On the 5th day of publishing a blog in support of Scotland’s Dementia Awareness Week, we are covering the topic of the literal definition of the word dementia, rather than discussing dementia from a medical perspective.
Following on from their theme of a better word for people with dementia and their families, by making sure nobody faces dementia alone, we hope this topic provides an opportunity to also rethink language, as this impacts the experiences of people with dementia and their families and friends.
A person with dementia in many countries is still seen as someone who has been taken over by Evil Spirits, and educating communities this is not the case is a long and slow process. The word, in English is derived from Latin, meaning madness (see above). It is no wonder four areas in the world have removed the word from their language.
Many say it is not the word dementia that is the real problem, but those people who treat us as if we are ‘mad’ or ‘not all there’. In saying this, it is important to be reminded this viewpoint is usually coming from the perspective of people with dementia who are predominantly white Anglo Saxons from developed countries.
People from non developed countries are more often likely to take the literal meaning more seriously than we do, and find the synonyms such as mental illness, madness, insanity, lunacy and derangement highly offensive, also possibly why the word dementia has already been deleted from four languages.
Kate Swaffer wrote about the word dementia a few years ago, and likened how it felt when first diagnosed to the Dementors in Harry Potter, sucking out her soul.
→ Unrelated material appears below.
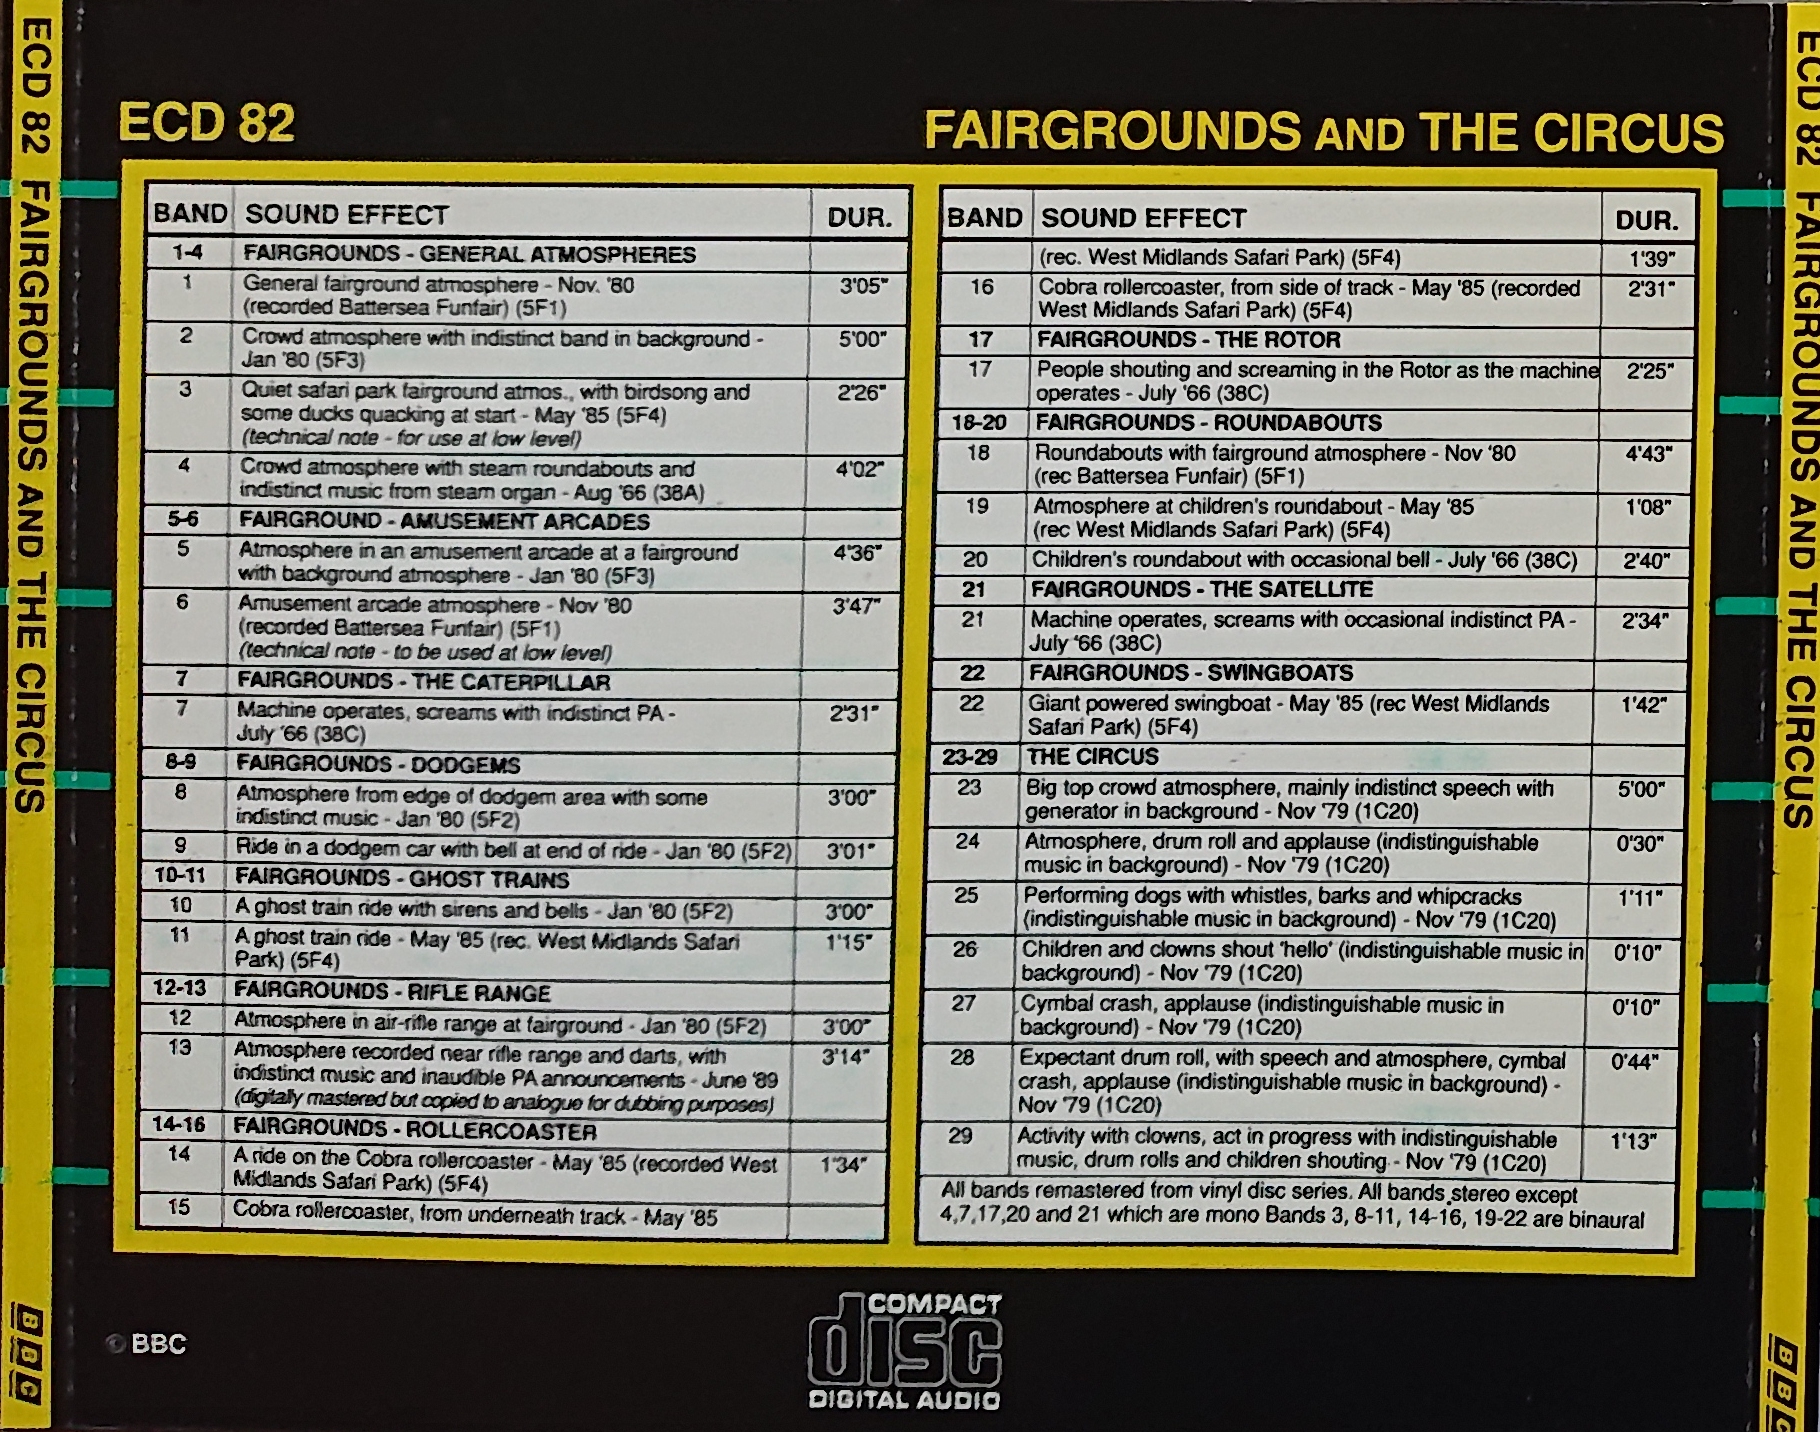 Picture of ECD 82 Fairgrounds and the circus by artist Various from the BBC records and Tapes library

Whilst she held onto that fear, and believed the narrative of others that she was becoming an empty shell, it was certainly very difficult and took some time to see past that fear, and feel and live more positively with the diagnosis.
Many people with dementia now find their way past that period of darkness more quickly, especially through joining the DAI peer to peer support groups or with our one to one mentoring.
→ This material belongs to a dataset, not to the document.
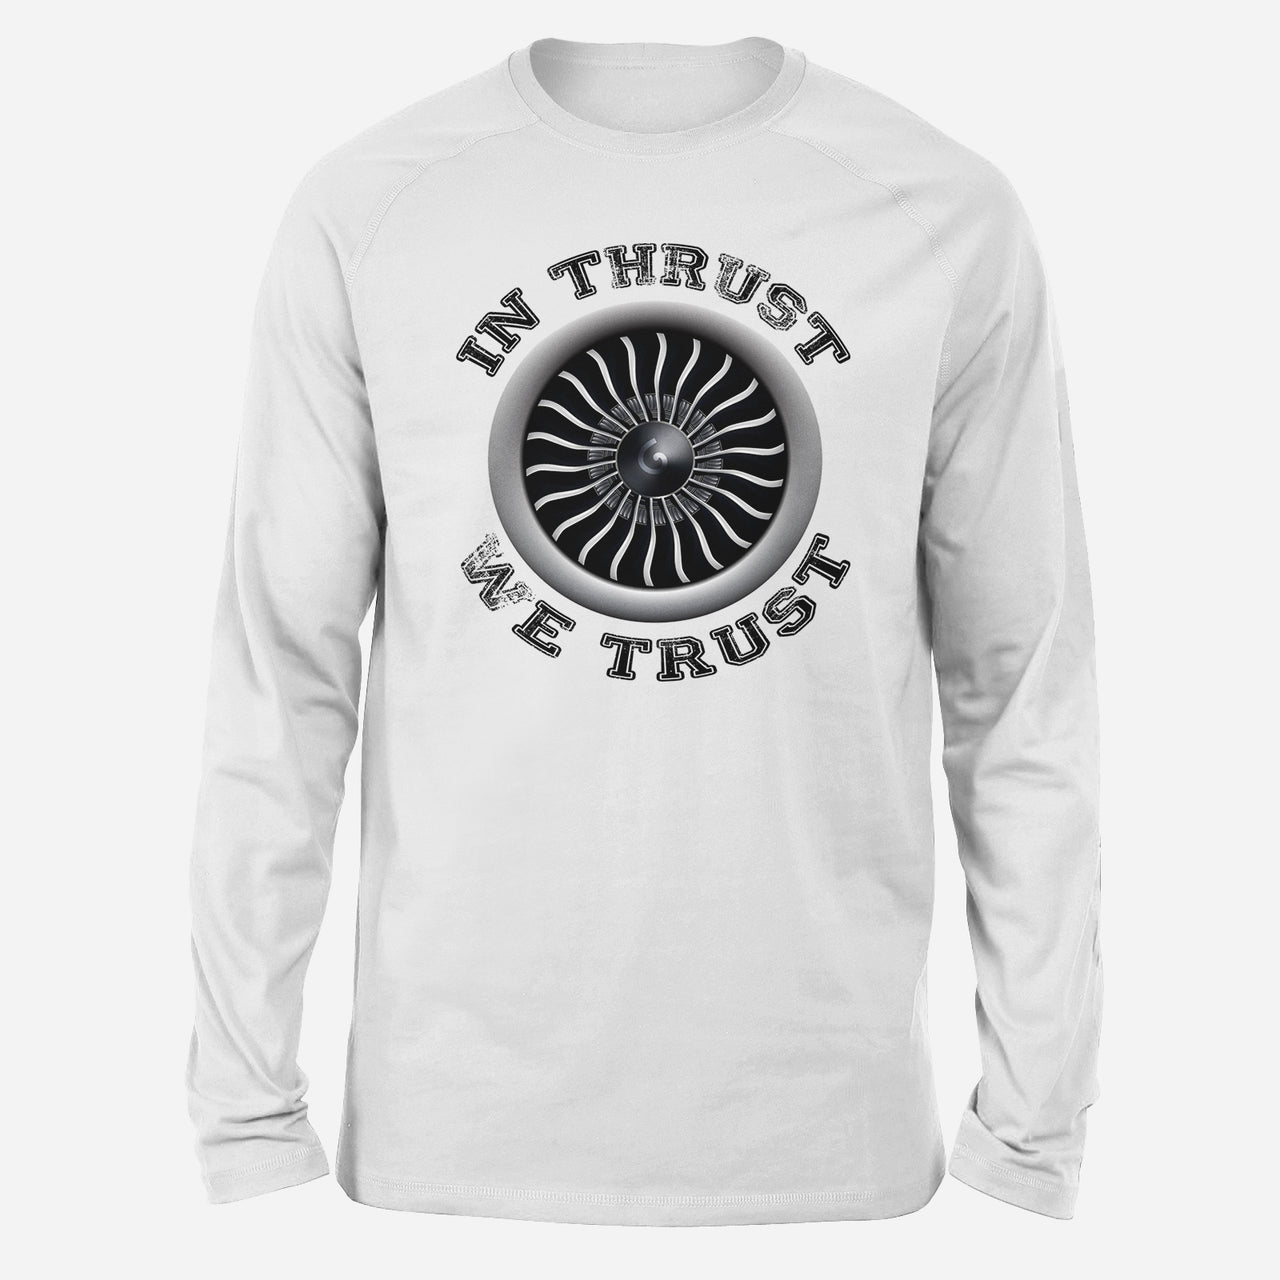 In Thrust We Trust (Vol 2) Designed Long-Sleeve T-Shirts

Thinking about the definition of the word dementia, interestingly, also relates to the initiatives known as Dementia Friendly Communities and Dementia Friends.
Based on the fact that four countries or regions have deleted the word dementia from their language, and replaced it with what they believe to be more respectful and sensitive terms, it is probably time we also reviewed the terms Dementia Friendly Communities and Dementia Friends as well. You can read our Chair, Kate Swaffers thoughts on this in her blog titled Inclusive Communities. It is surely food for thought.